The genomic DNA used for sequencing was isolated from a single colony of the VV2014DJH. The 16S rRNA gene was sequenced and BLAST was performed against the NCBI database. In addition, the raw read sequences were selected and assembled only when their quality scores were more than 40 as cutoffs.

A PacBio RS sequencing run resulted in 56,579 reads with a mean read length of 8107 bp and a N50 read length of 11,532 bp. PacBio RS reads were assembled into one polished contigs with a N50 contig length of 3,307,273. The genome of VV2014DJH has a size of 5,074,562 bp with a mean G+C content of 46.8% and is composed of two circular chromosomes (chromosome I: 3,303,590 bp, 46.6% G+C content; chromosome II: 1,770,972 bp, 47.3% G+C content). It does not contain any plasmids.

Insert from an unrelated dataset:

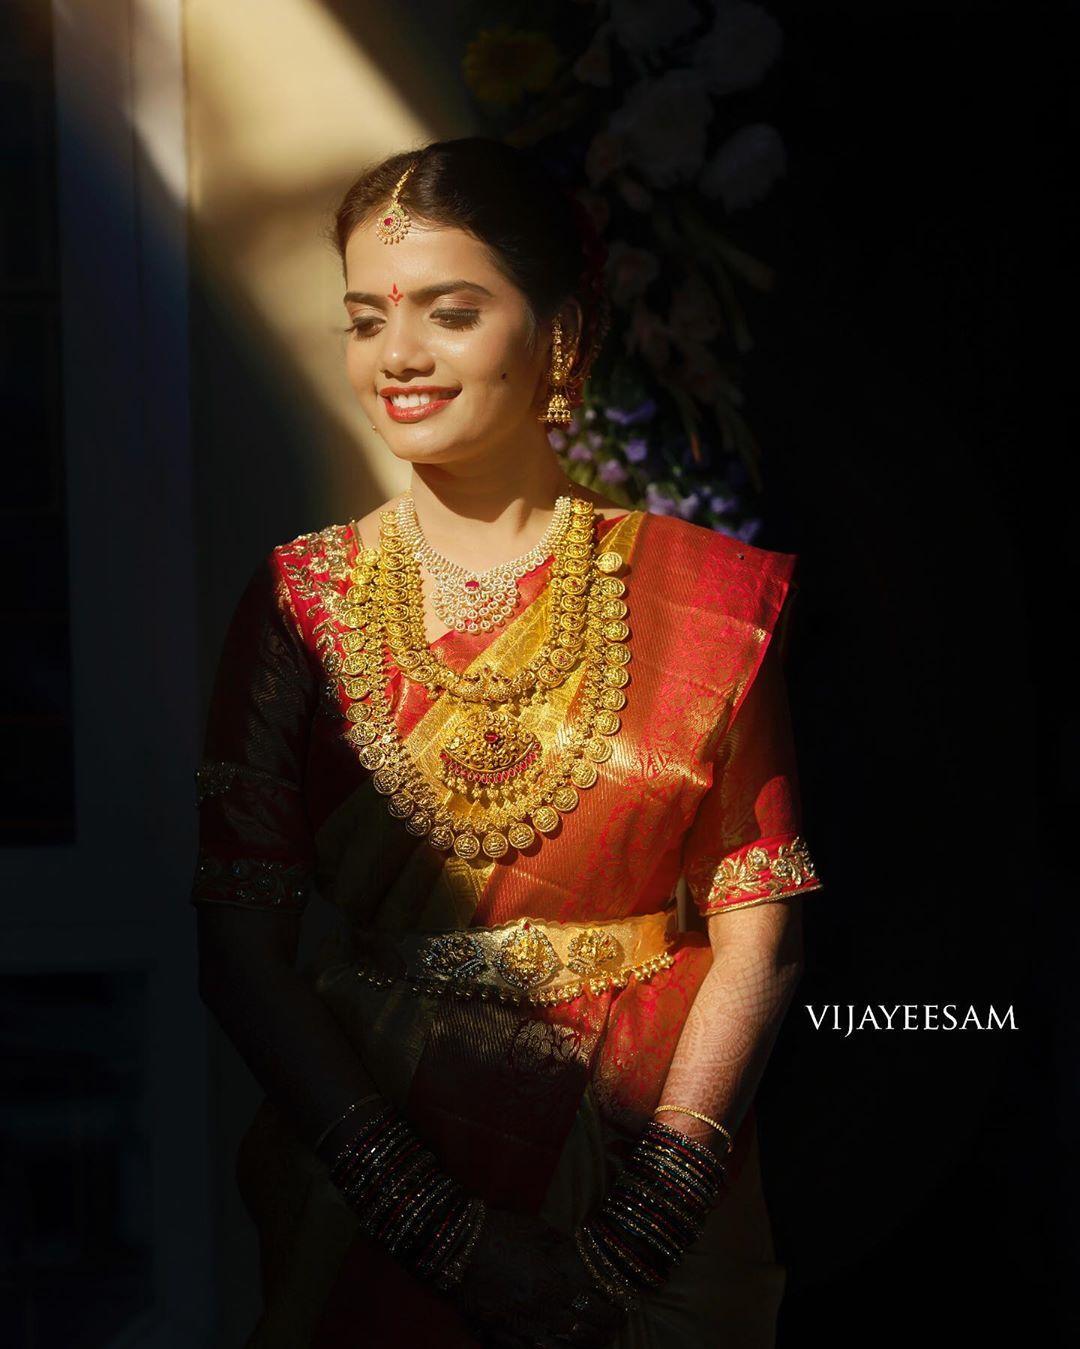 Image may contain 1 person Bridal blouse designs, Bride

A total of 4617 protein coding genes and 172 RNA genes were predicted, and the general features of strain VV2014DJH are summarized in Tables 1, 2 and 3. The putative functions of the majority of the protein coding genes were prognosticated. The distribution of these genes into COGs functional categories was showed in Fig. 1, and the schematic circular representation of the VV2014DJH genome was created by Circos [27] in Fig. 2 to show the annotation information.

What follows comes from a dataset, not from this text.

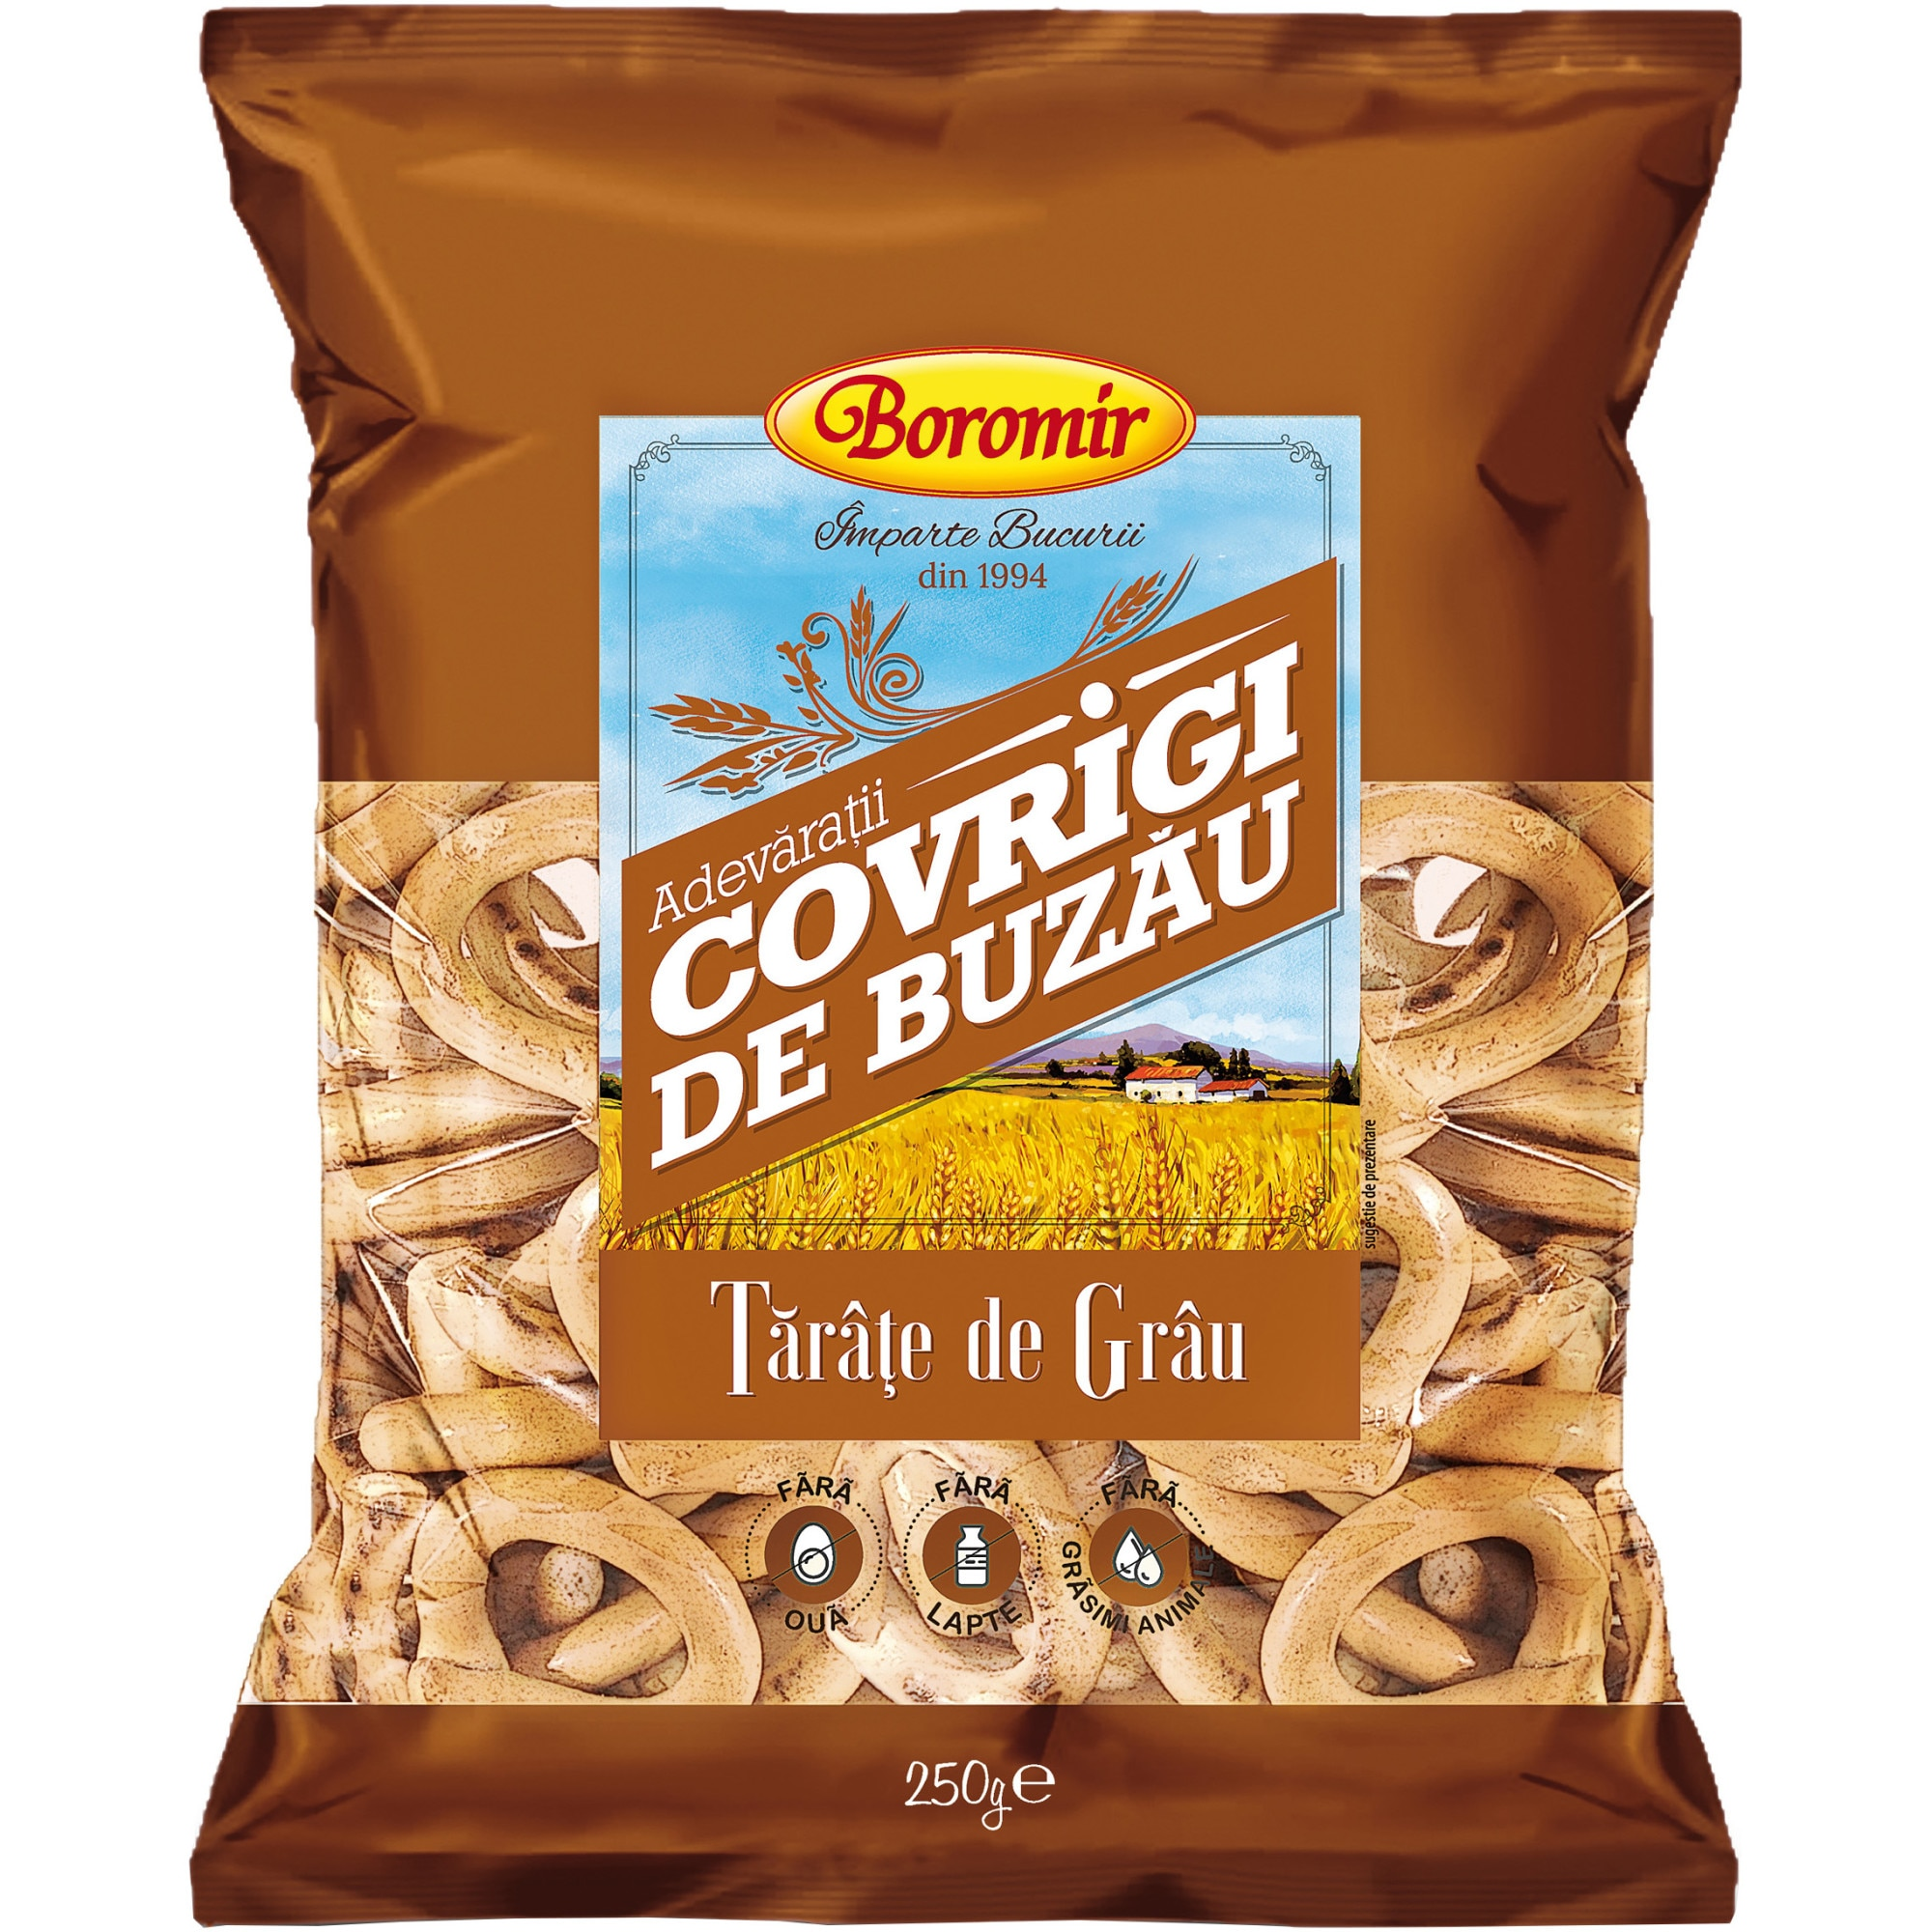 Covrigi de Buzau Boromir, cu tarate, 250g - eMAG.ro

Three hundred and fifty-seven secretory proteins were detected in the 4617 proteins, and 45 proteins related to type I, II, III, IV and VI secretion systems were predicted, no protein related to type V and VII secretion systems was found. Type III secretion systems are complex bacterial structures that provide Gram-negative pathogens with unique virulence mechanisms. In the strain VV2014DJH, 184 effector proteins were detected by EffectiveT3 software.

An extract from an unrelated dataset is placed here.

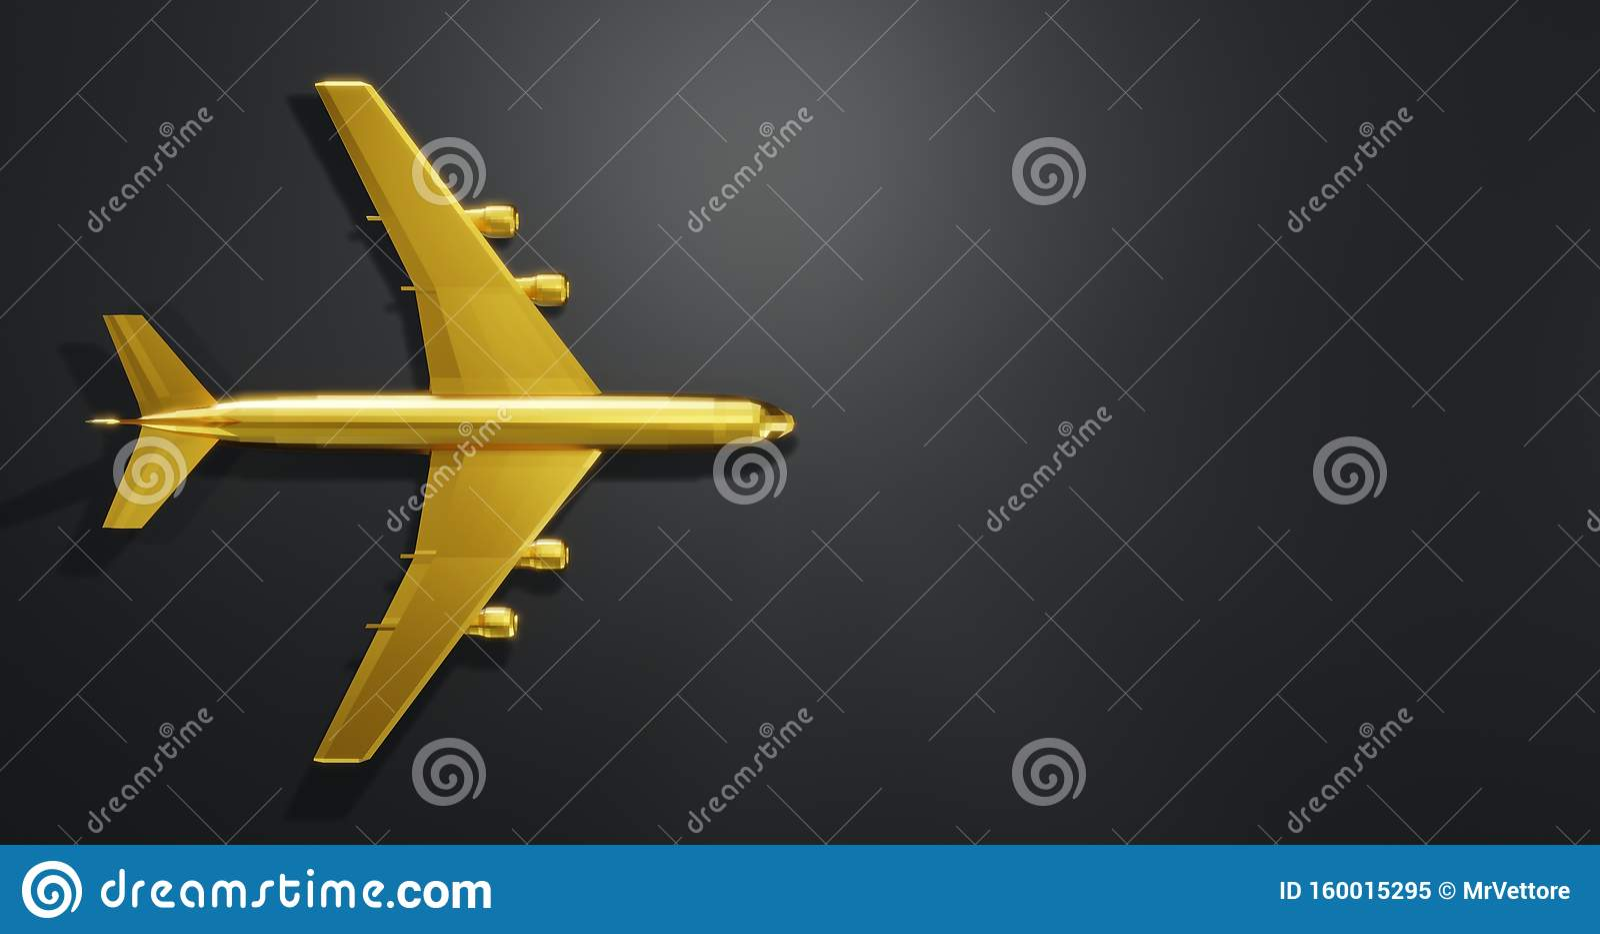 Magna-Tiles Idea: Jet Aircraft - YouTube

The results of colinearity analysis for these three genome sequences of VV2014DJH, CMCP6 and YJ016 showed that the majority of the genomes were conserved in all three strains, although these were some transpositions between VV2014DJH and CMCP6, or VV2014DJH and YJ016. The Blast results showed that the pathogenic factors of VV2014DJH including the aforementioned type II and type VI secretion systems, flagellin C/D/E, and other pathogenic factors were also found in V. vulnificus VV2014DJH (Additional file 1: Fig S1, Table S1).